What was Jesus’ resurrection like?

This is what we see in the resurrection of Jesus. The resurrection of Jesus was not a spiritual reincarnation; it was a physical resurrection. The tomb was empty because His physical body had come back to life and walked out of the tomb. The disciples were emboldened because they recognized the man before them as Jesus whom they had seen crucified, not a spirit inhabiting a different physical body. Jesus was able to let the disciples touch His hands and feet and could eat fish and bread with the disciples because He resurrected to a perfected, eternal physical body from His former temporal body.

The resurrection of Jesus was the first-fruits of the resurrection. He died physically and resurrected to the same body physically in its immortal form. Jesus came back to life in the body that had been perfected, no longer subject to disease or death. This is yet another distinction between the resurrection and reincarnation. The reincarnated body will one day die as well, leaving the spirit to move on to yet another body that will one day die. Jesus resurrected to a body that would never again see death.

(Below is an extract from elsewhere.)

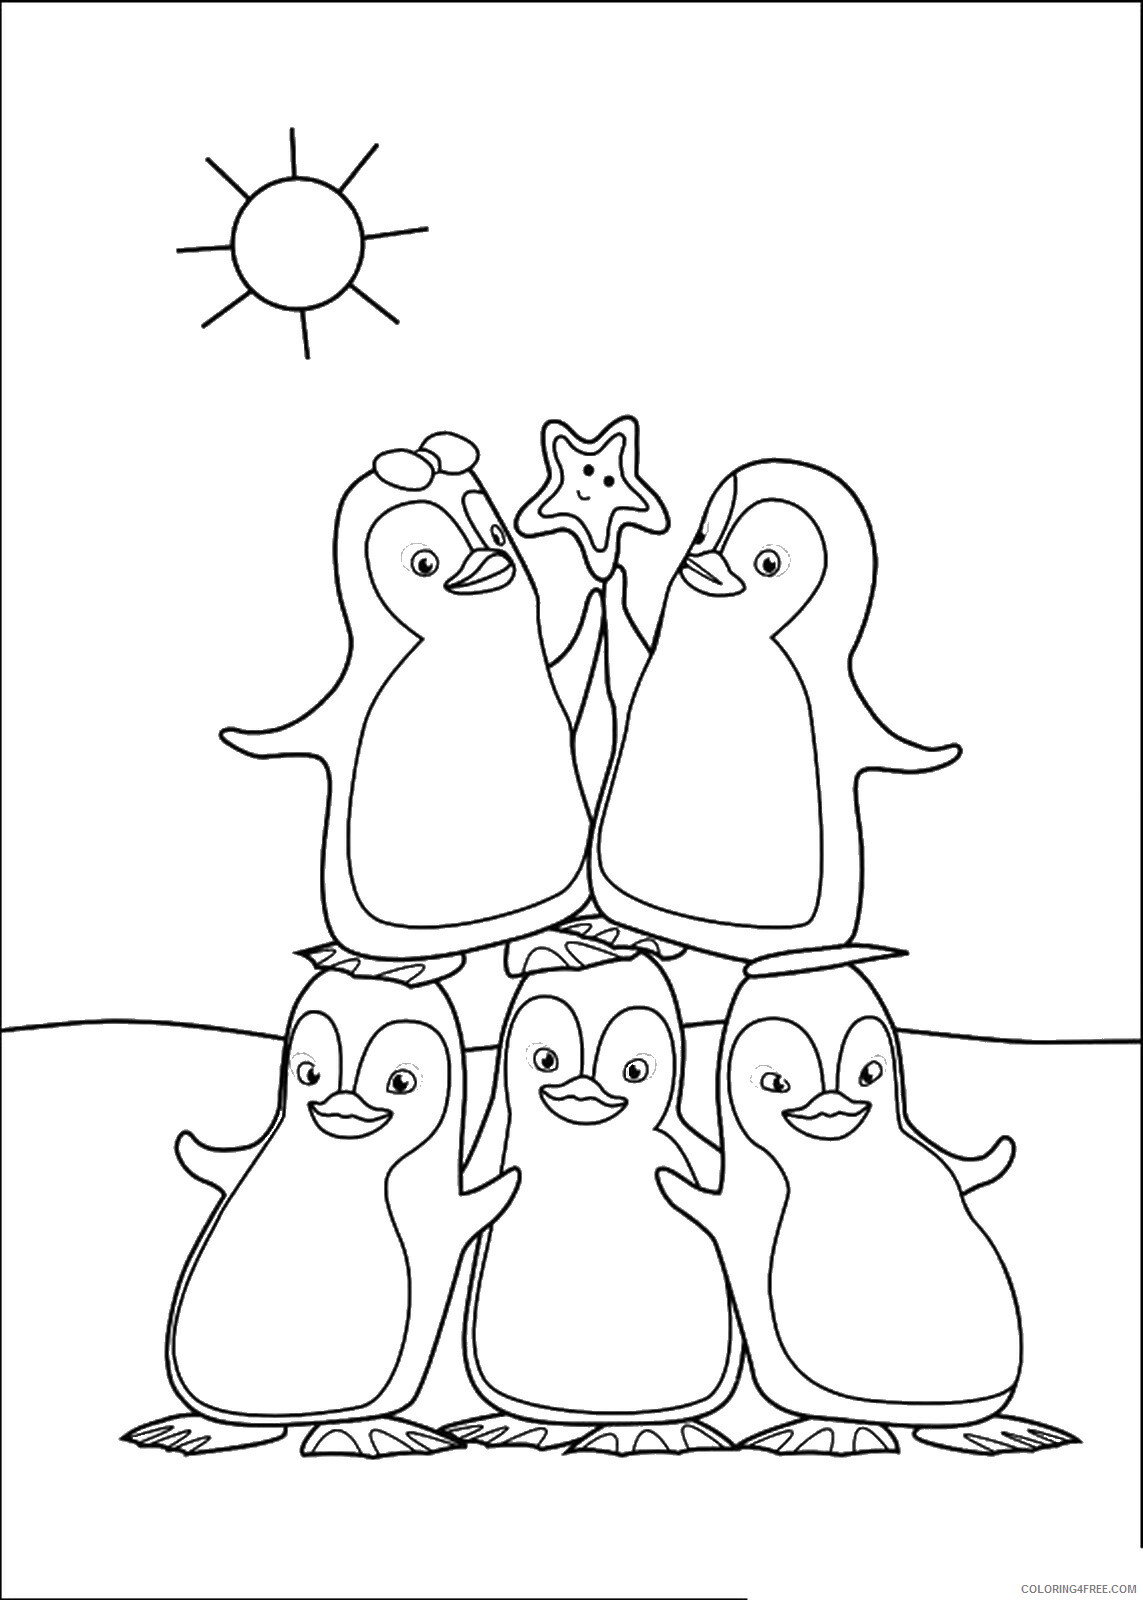 Ozie Boo Coloring Pages TV Film Ozie_Boo_cl_20 Printable 2020 05872 Coloring4free

Paul describes this in 1 Corinthians 15:42-44: “So also is the resurrection of the dead. It is sown a perishable body, it is raised an imperishable body; it is sown in dishonor, it is raised in glory; it is sown in weakness, it is raised in power; it is sown a natural body, it is raised a spiritual body. If there is a natural body, there is also a spiritual body.”  

Praise the Lord that Jesus has physically resurrected, proving He has conquered over death and defeated sin. Because of that, we are able to have salvation and be raised into the newness of life, of life everlasting.